# EXERCISE DESCRIPTION:
Begin your copy at the line that holds "Skywalker and Now." and carry it through the final line of the data, writing out each line exactly and omitting pictures.

# RAW DATA:
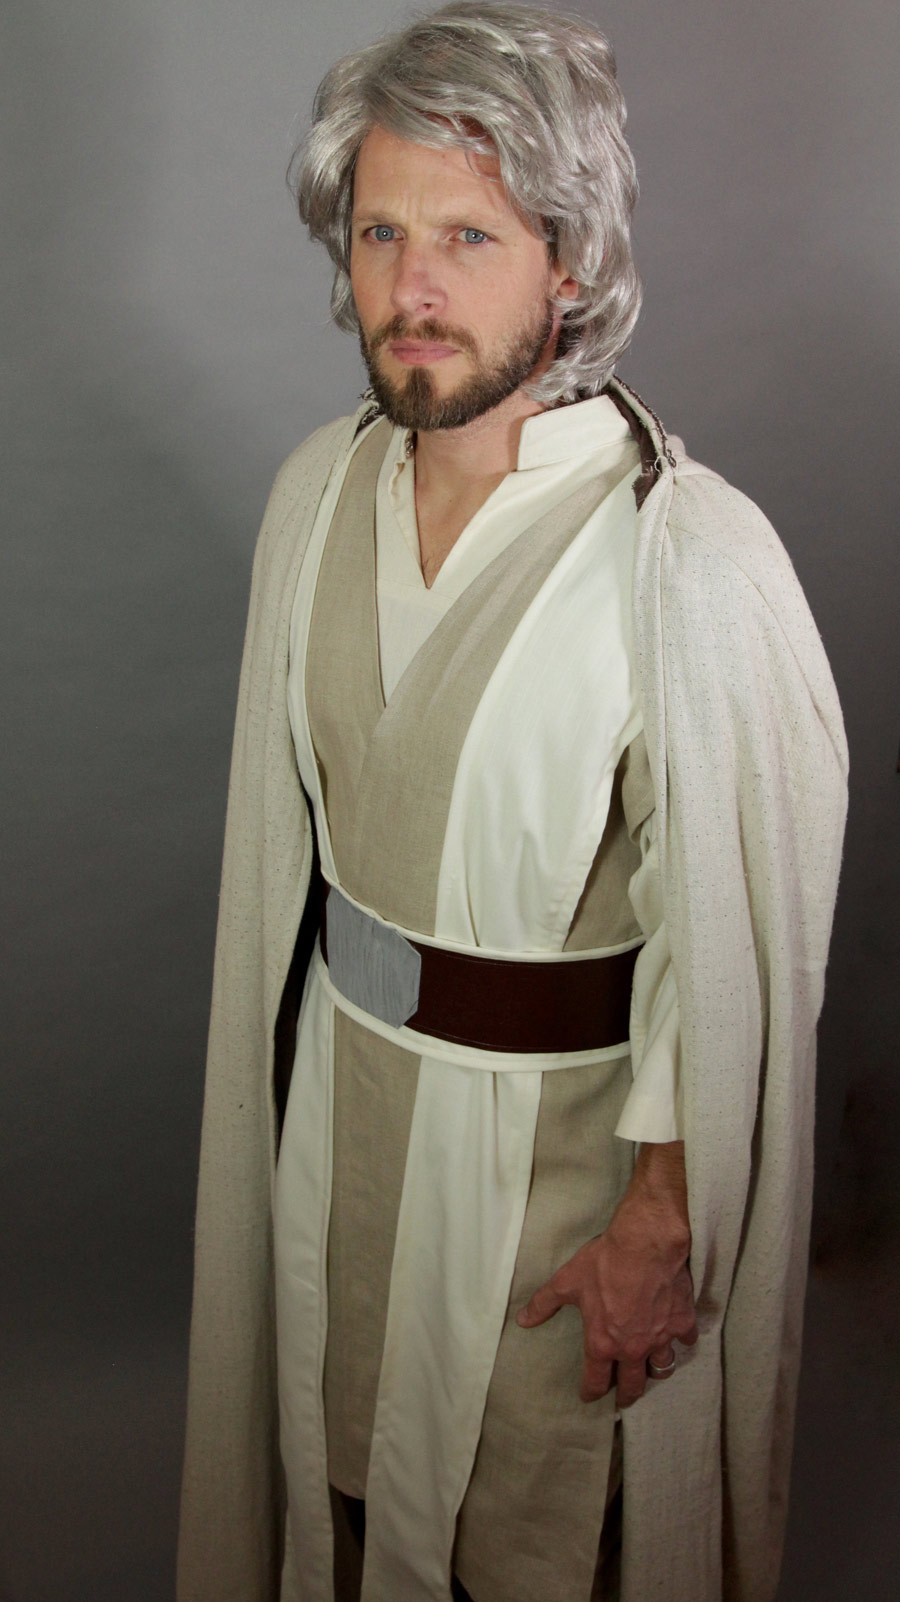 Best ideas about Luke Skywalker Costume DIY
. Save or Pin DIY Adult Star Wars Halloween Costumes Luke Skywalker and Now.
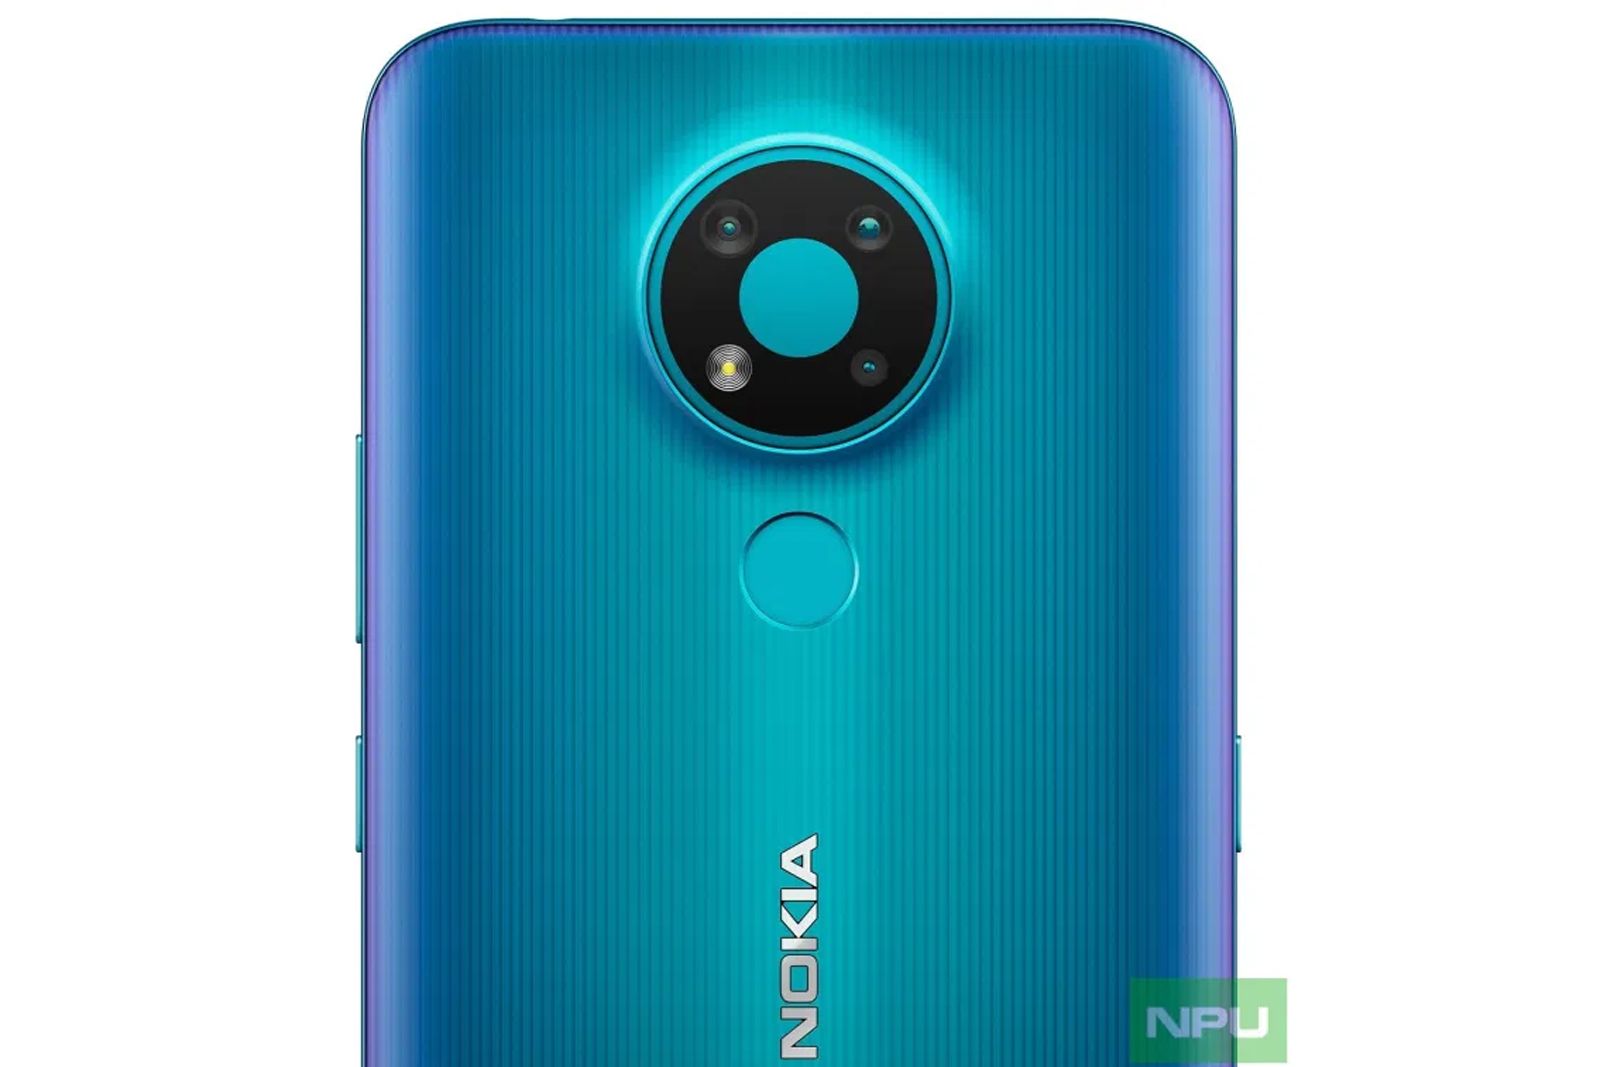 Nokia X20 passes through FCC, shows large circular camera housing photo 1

# ANSWER:
. Save or Pin DIY Adult Star Wars Halloween Costumes Luke Skywalker and Now.
 Nokia X20 passes through FCC, shows large circular camera housing photo 1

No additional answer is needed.